Right now we are in the acquirement of new knowledge phase. That is I will read up on the current research and its various implementations. Next week we will move to the design phase.

To conclude the knowledge phase I will present the current status of the automatic plagiarism detection field so we get an overview. This will be achieved by constructing a box diagram where every box will represent an idea, algorithm, concept, technique, etc. that has been previously used and tested when doing plagiarism detection. This box diagram will then be used in the design phase to help us when deciding in how we should solve the problem. I will focus on the boxes that has to do with the actual classification of whether or not a text-sequence is plagiarism or not. But there will be some boxes concerning preprocessing (like information retrieval) and postprocessing too.

I will also put some time aside to get to know the data a little bit more. PAN has provided us with a large training corpus that consist of original and suspicious documents. Some of the suspicious documents will contain plagiarized text-sequences that are marked up. I will try out the machine learning framework Weka and NLTK and try to learn how to use these frameworks to classify documents in different ways.

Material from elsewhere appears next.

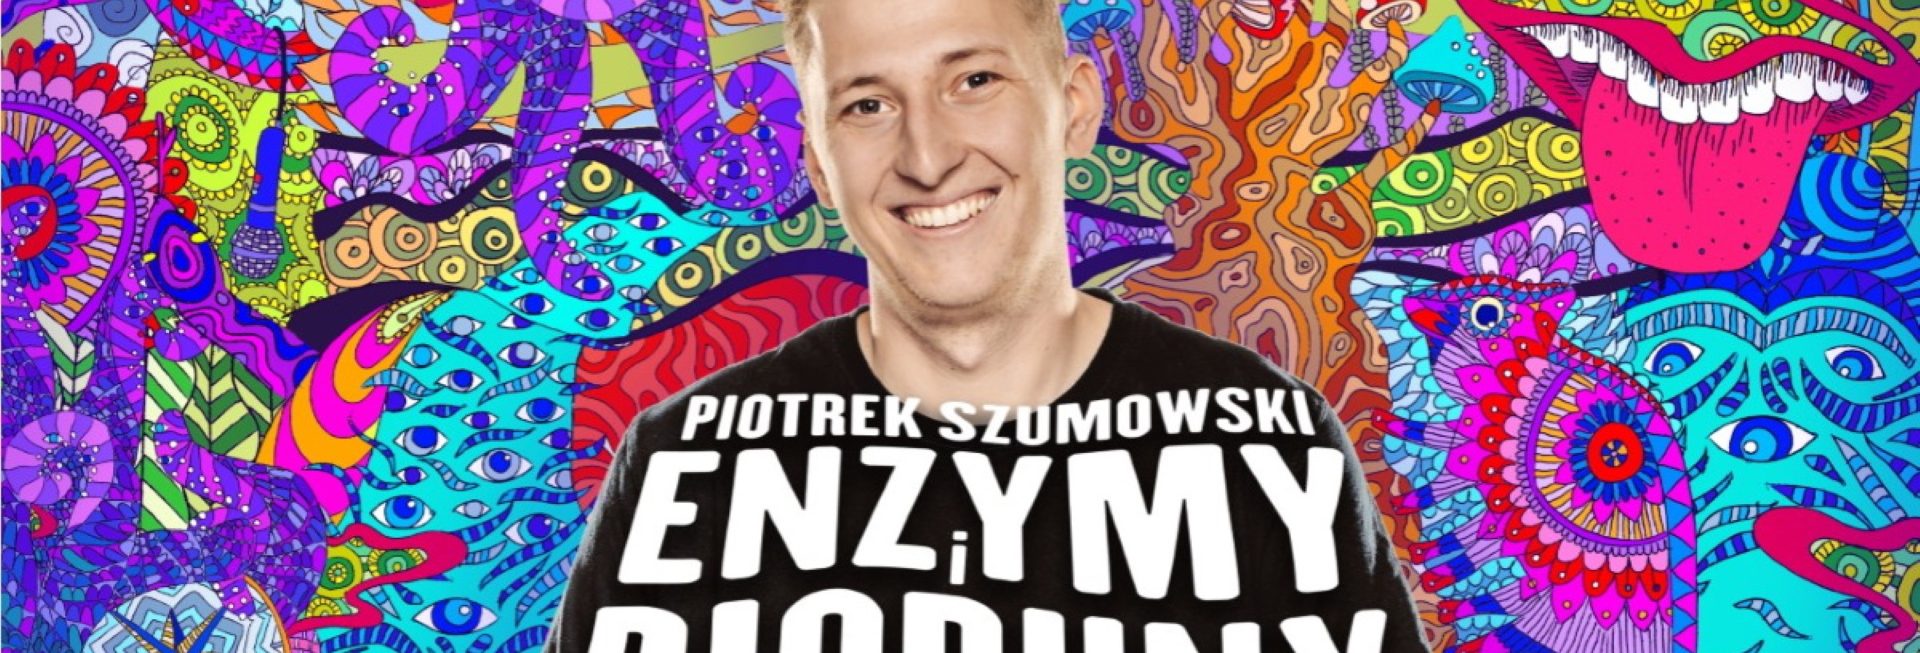 Plakat graficzny zapraszający do Olsztyna na występ Stand-up Piotrek Szumowski "Enzymy i Pioruny".

We decided to change the weekly meeting to Thursdays instead of Wednesdays so I can attend a machine learning course without missing half the lectures.

Wednesday, March 24, 2010

List of terms and concepts

(character, word) n-gram, skipgram, word space model (WSM), latent semantic analysis (LSA), latent Dirichlet allocation (LDA), string kernel, external plagiarism, intrinsic plagiarism, (dis)similarity measure, recall, precision, granularity, subsequence, synonyms, longest common subsequence, author style, genre, morpheme, suffix array, suffix tree, obfuscation, permutation, antonym, index, inverted index, crowd-sourcing, coding, hash function, stemming, Jacquard coefficient, Kullback–Leibler divergence, Levenshtein distance, stylometry, (character, word) frequency, cosine distance, sliding window, bag of (characters, words), outlier detection, space partitioning, kd-tree, metric tree, curse of dimensionality, dimensionality reduction, Principal Component Analysis (PCA), Isomap, locality sensitive hashing (LSH), authorship identification, stop word, cluster pruning, part of speech tag (POS or POST), Penn Treebank part of speech tag set, Snowball stemming algorithms, hyponym, hypernym, Kolmogorov Complexity measure, Lempel-Ziv compression, cohesion word, readability test, compression, Support Vector Machine (SVM), Artificial Neural Net, boosting, mean average precision (MAP), clipping, synset, arg max, kappa statistics, token, corpus, td-idf, context-free grammar (CFG), (semantic, syntactic) class, Levin's verb classes, decision tree (DT), quasi-Newton method, sentence-to-sentence similarity, word correlation factor, n-gram phrase correlation, dot plot, Fuzzy fingerprint, text chunk, text statistics, closed word class, Zipf's law, vocabulary richness, shingle, near duplicate detection, average word frequency class, text complexity, understandability, readability, Context Dependent Thinning (CDT), Random Permutation (RP)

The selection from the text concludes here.